Smile, you never know who's watching.

Saturday, 26 September 2009

This week I have been mostly failing...

Sunday I went to Widdop with Lard to meet up with G-unit and Ginnster. I was hoping to crush Fight on Black, an ascent was looooong overdue. Unfortunately Lard was suffering an advanced case of Plague and decided he wanted to go home, so we left without even pulling on anything. Strangely Lard made a full recovery for sn afternoon at the park, hmmmm....

Monday work.

Tuesday work then G-bob attended crush school on the board. A pretty good session, only let down by G's shocking footwork. Have a word with yourself lankster.

Wednesday work then the Sexpest paid a visit to dabble on the board. Another good session, but my skin was getting sore by now and my finger joints were feeling creaky, old man!

Thursday went to Trollers Gill with Guru. We did a shocking route to warm up (the right arete of the big central crack), yeuck. Then Guru had a project to play on so we both dabbled with this, it is a steady start and finish but has a couple of stiff pulls in the middle. After a bit of working a sequence was devised and Guru dispatched it first redpoint, nice. I worked it again but was really struggling with one move which felt very reachy.
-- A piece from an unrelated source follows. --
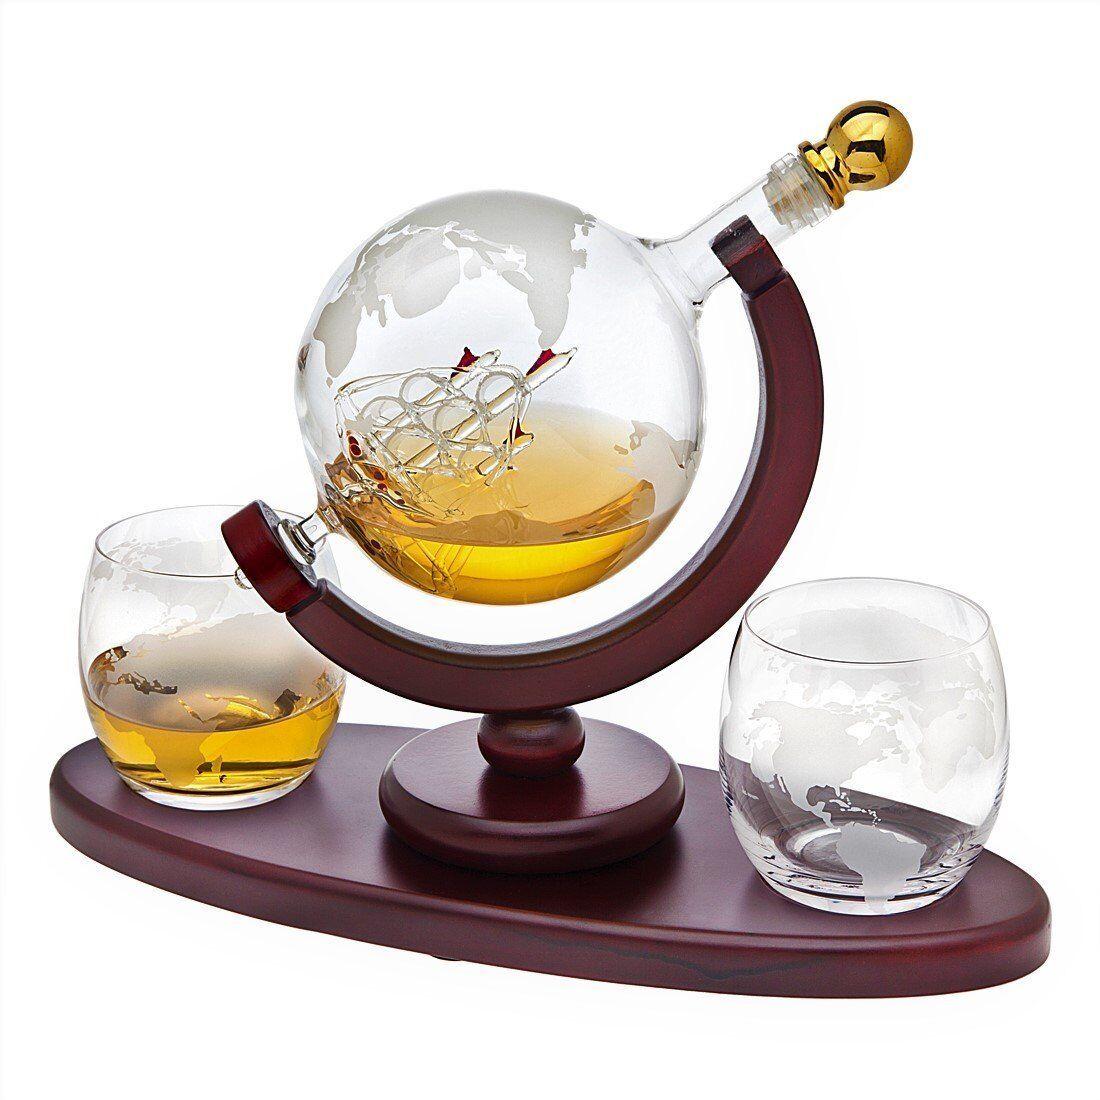 Decantador De Cristal Tipo Globo Terráqueo Set De Whisky Y Bebidas Alcohólicas

I thought it was nails at the time and would be full on 8a but Guru felt 7c+ probably more accurate. On consideration I agree, allowing for my condition on Thursday (tired, sore, painful skin) I think a fresh attempt will yield more success.

So the training Tuesday and Wednesday (coupled with doing pretty heavy physical work this week) scuppered my chances of success on Thursday. Which is a shame, but should hopefully yield results on a more long term basis (i.e. I'll have more crush).

Friday, 18 September 2009

It's funny isn't it?

Monday I think I went somewhere and did something but can't for the life of me remember what.
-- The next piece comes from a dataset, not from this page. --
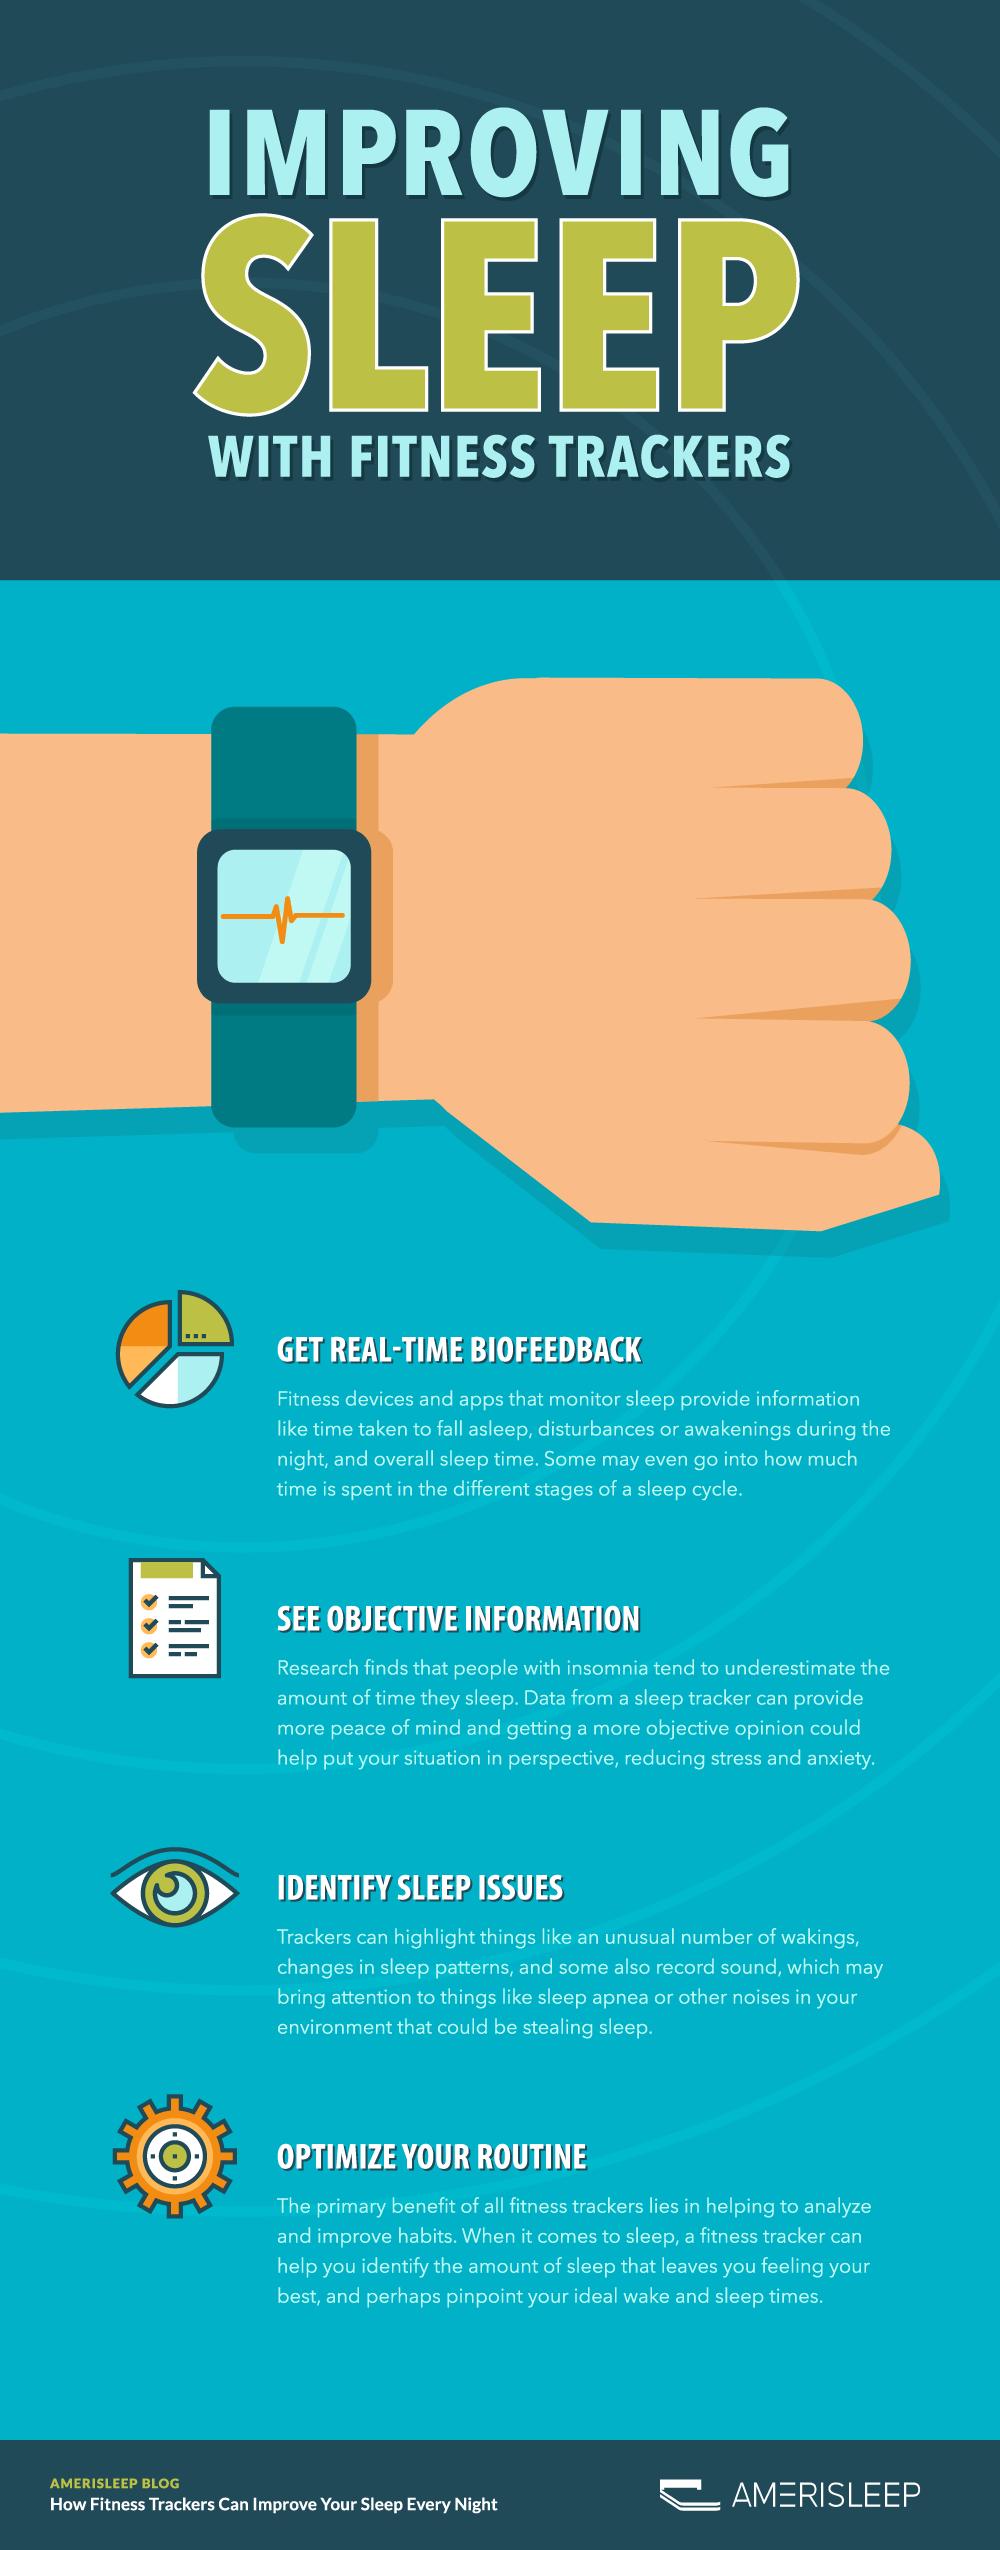 Amerisleep: Improving Sleep with Fitness Trackers Infographic

Tuesday went to a pleasant(ish) quarry with G-bob. Did a coule of problems but whilst the quarry was pleasant of outlook it was limited of potential.

Wednesday went to Earl with G-bob, I will say no more than this.

Thursday went to Kilnsey with Guru. Tried bouldering out the start of Massala Martyr, I' quite keen to get a rope on this. Then had a few redpoints on Comedy before dispatching after tweaking my clipping strategy. Happy days.

Monday, 14 September 2009

On the importance of angles

On Thursday I headed back the Kilnsey with the Guru. This time it was somewhat drier so game on, it was however very hot so Metal Mickey was not really on the cards. Time for something different. Warm up first. I managed my first route at Kilnsey and my first sport flash, yay, however this was just the a 6b (can't remember the name) so perhaps not greatly impressive...
Then, as is traditional, I tried and failed on a 7a+. At least this time I managed to get a decent way up it before resorting to bolt-to-bolt.
Anyway then it was Comedy for me and Pantomime for the Guru. Guru was up first and on-sighted Pantomime in good style, it looked tricky from the ground but I am assured that once you start climbing the moves just fall into place, hmmmm we'll see.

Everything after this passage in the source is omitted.